Footnote(s): (a) Rate per 100,000 adult population. (b) At 30 June.

Source(s): ABS Prisoners in Australia, 2009 (cat. no. 4517.0)

IMPRISONMENT

Although courts may impose various penalties for people convicted of criminal offences (such as fines, community service orders and the like) imprisonment is the most severe social response to crime in Australia.

Changes in the imprisonment rate do not necessarily measure changes in the level of crime or the level of success in apprehending and convicting criminals, although they may be related. Changes in imprisonment rates can reflect changes in community attitudes (played out through the court system), community preferences for the severity of response to crime, or changes in prison capacity.

In June 2009 there were 29,317 adults in prison (representing an imprisonment rate of 175 prisoners per 100,000 adult population) compared to 21,538 prisoners in June 1999 (150 prisoners per 100,000 adult population) (ABS 2009).

The imprisonment rate for men in June 2009 was 13 times the rate for women (329 prisoners per 100,000 male adults versus 25 prisoners per 100,000 female adults). About two thirds (67%) of all prisoners were aged between 20 and 39 years.

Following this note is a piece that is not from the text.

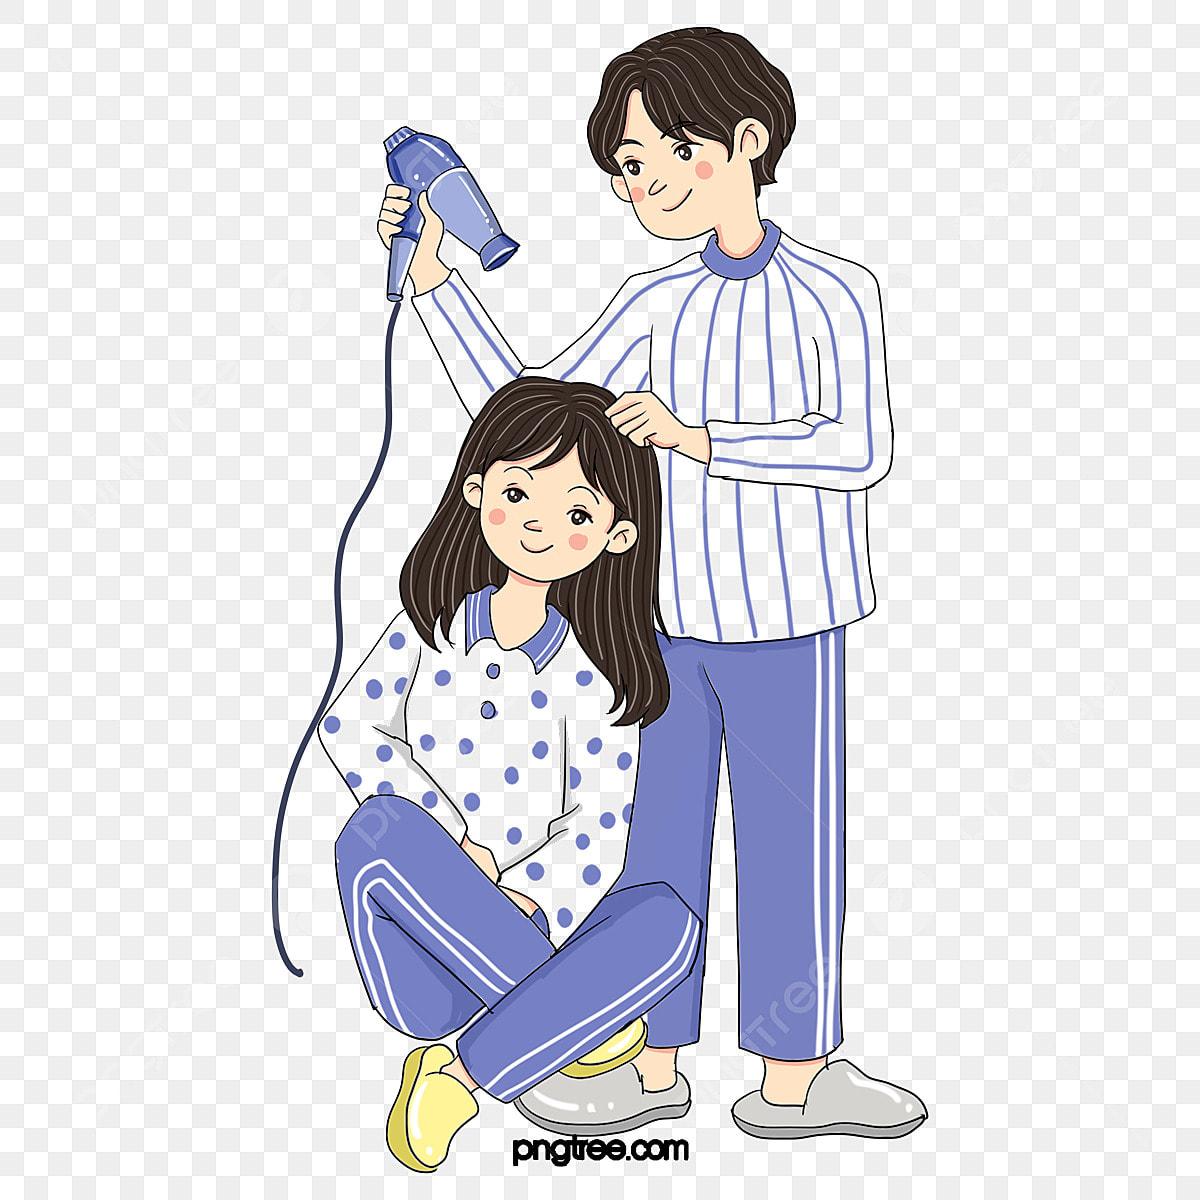 Home Pareja Pijama Secador De Pelo Muebles Para El Hogar Parejas Pijama  PNG y PSD para Descargar Gratis  Pngtree

The median age of prisoners was 33.4 for men and 34.2 for women.

Young people in detention

The Australian Institute of Health and Welfare (AIHW) collects information from each state and territory, on behalf of the Australasian Juvenile Justice Administrators, about the numbers and characteristics of young people under the supervision of juvenile justice agencies (AIHW 2009).

Excluding New South Wales, in 2007-08, 3,378 young people were held in juvenile detention. Most detainees (over 90%) were male. Just under half of the young detainee population identified as being Indigenous. It is important to note that a young person may have been in custody more than once during the reference period (AIHW 2009).